In photography, the terms reversal film, slide film, positive film, and transparency film describe a type of photographic film that produces a positive image on a transparent film base. In place of negatives and printed photographs, reversal film produces diapositive photographs, known as diafilm and dia images. A diapositive slide is a mounted frame of transparency film intended for large-format projection of the image onto a screen by a slide projector. Such large-format projection permits many spectators to view the diapositive image at one time. The usual transparency-film format is the 35 mm slide, wherein one frame of film is mounted into a 2 in. ×2 in. square made either of cardboard or of a plastic material. Reversal film is produced in format sizes that range from 35 mm to roll film to 8 in. ×10 in. sheet film.

Moreover, specialized photographic processing laboratories produce diapositive slides from digital-camera images in formats such as the JPEG, from computer-generated presentation graphics, and from images of physical materials such as fingerprints, microscopic evidence, paper documents, astronomic images, etc. Reversal film also is used as motion picture film in the 16 mm, Super 8 and 8 mm cine film formats, and produces a positive-image film that was originated in the cinematographic camera. In terms of film-production costs, such a cinematographic application of reversal film is more cost-effective than filming with negative film that then must be developed into a positive-image film for projection in a cinema.

==History==

===Additive method===
The earliest practical and commercially successful color photography reversal process was the Lumière Autochrome, introduced in 1907. It was an additive method, using a panchromatic emulsion coated on a thin glass plate previously coated with a layer of dyed potato starch grains. Autochrome plates were discontinued in the 1930s, after the introduction of Lumière Filmcolor in sheet film and Lumicolor in roll film sizes. Also using the additive principle and reversal processing were the Agfa color screen plates and films and Dufaycolor film, all of which were discontinued by 1961.

===Subtractive methods===

Exposure: different wavelengths of light selectively sensitize each of the three layers; an internal yellow (blue-blocking) filter is used to prevent false sensitization of the red- and green-sensitive layers
Developed: E-6 process results in negative image layers with the appropriate subtractive colors

Leopold Godowsky, Jr. and Leopold Mannes, working with the Eastman Kodak Company, developed Kodachrome, the first commercially successful color film to use the subtractive method.
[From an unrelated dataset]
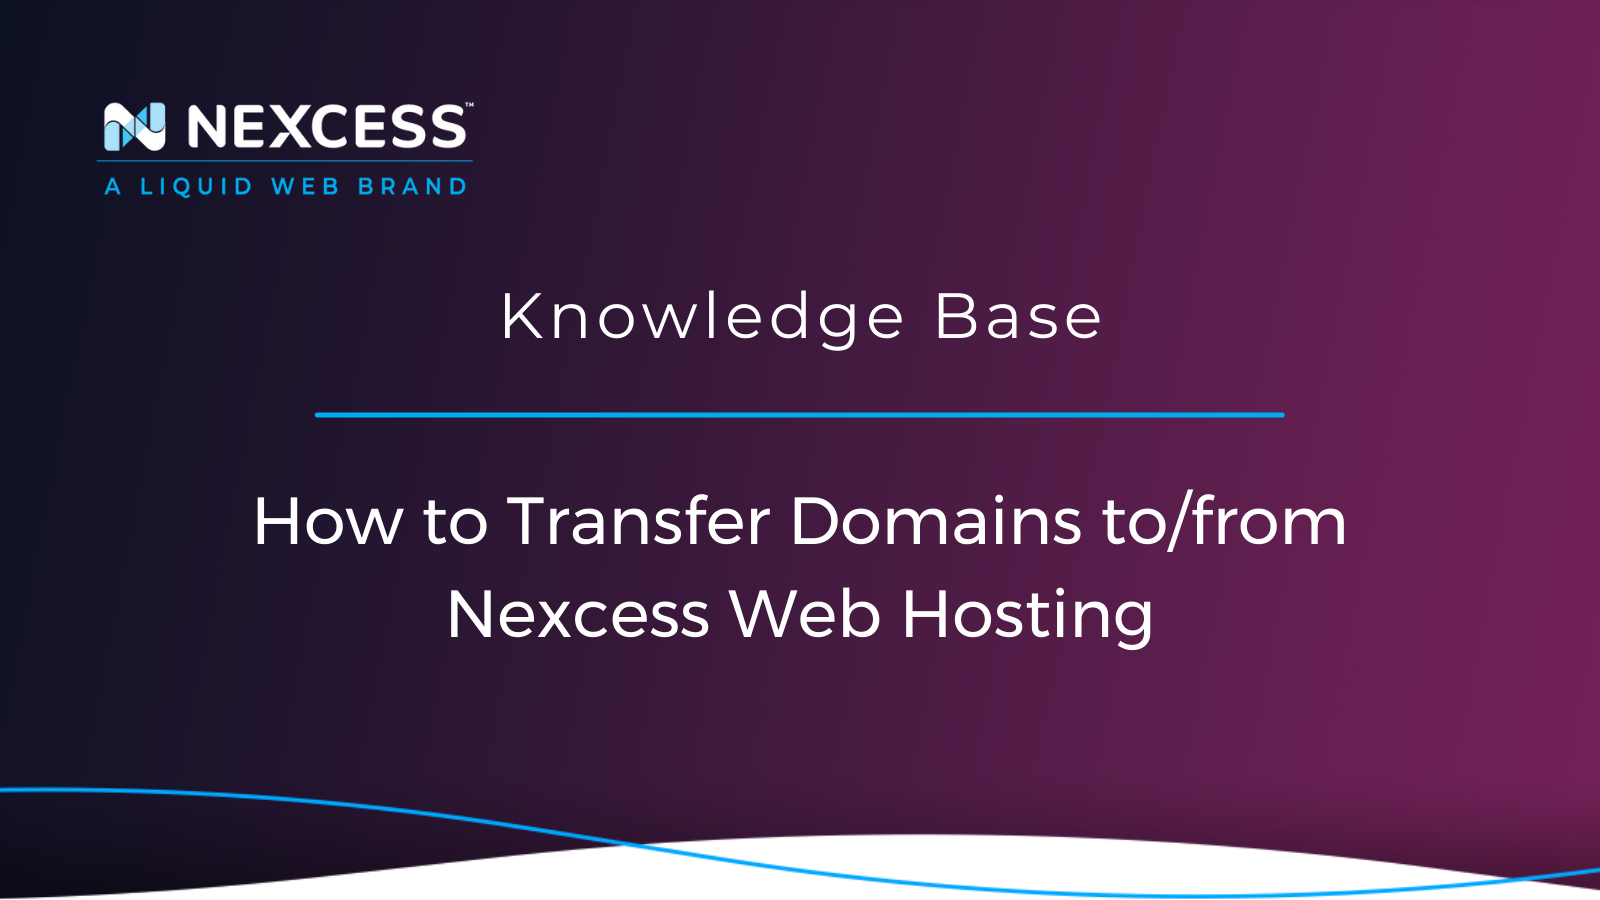 How to Transfer Domains to/from Nexcess Web Hosting

Kodachrome was introduced in 1935 as 16mm motion picture film, and in 1936 as 35mm film for still cameras. Kodachrome films contain no color dye couplers; these are added during processing. The final development process published by Kodak as K-14 involves multiple re-exposure steps to sensitize the unsensitized grains.

In late 1936, Agfacolor Neu was launched, Agfa having overcome earlier difficulties with color sensitivity problems. This film had the dye couplers incorporated into the emulsion, making processing simpler than for Kodachrome.

Early color negative film had many shortcomings, including the high cost of the film, processing and printing, the mediocre color quality, rapid fading and discoloration of highlights of some types of print that became noticeable after several years. Amateurs who owned projection equipment used reversal films extensively because the cost of projection equipment and slide film was offset by not having to pay for prints. Eventually, print quality improved and prices decreased, and, by the 1970s, color negative film and color prints had largely displaced slides as the primary method of amateur photography.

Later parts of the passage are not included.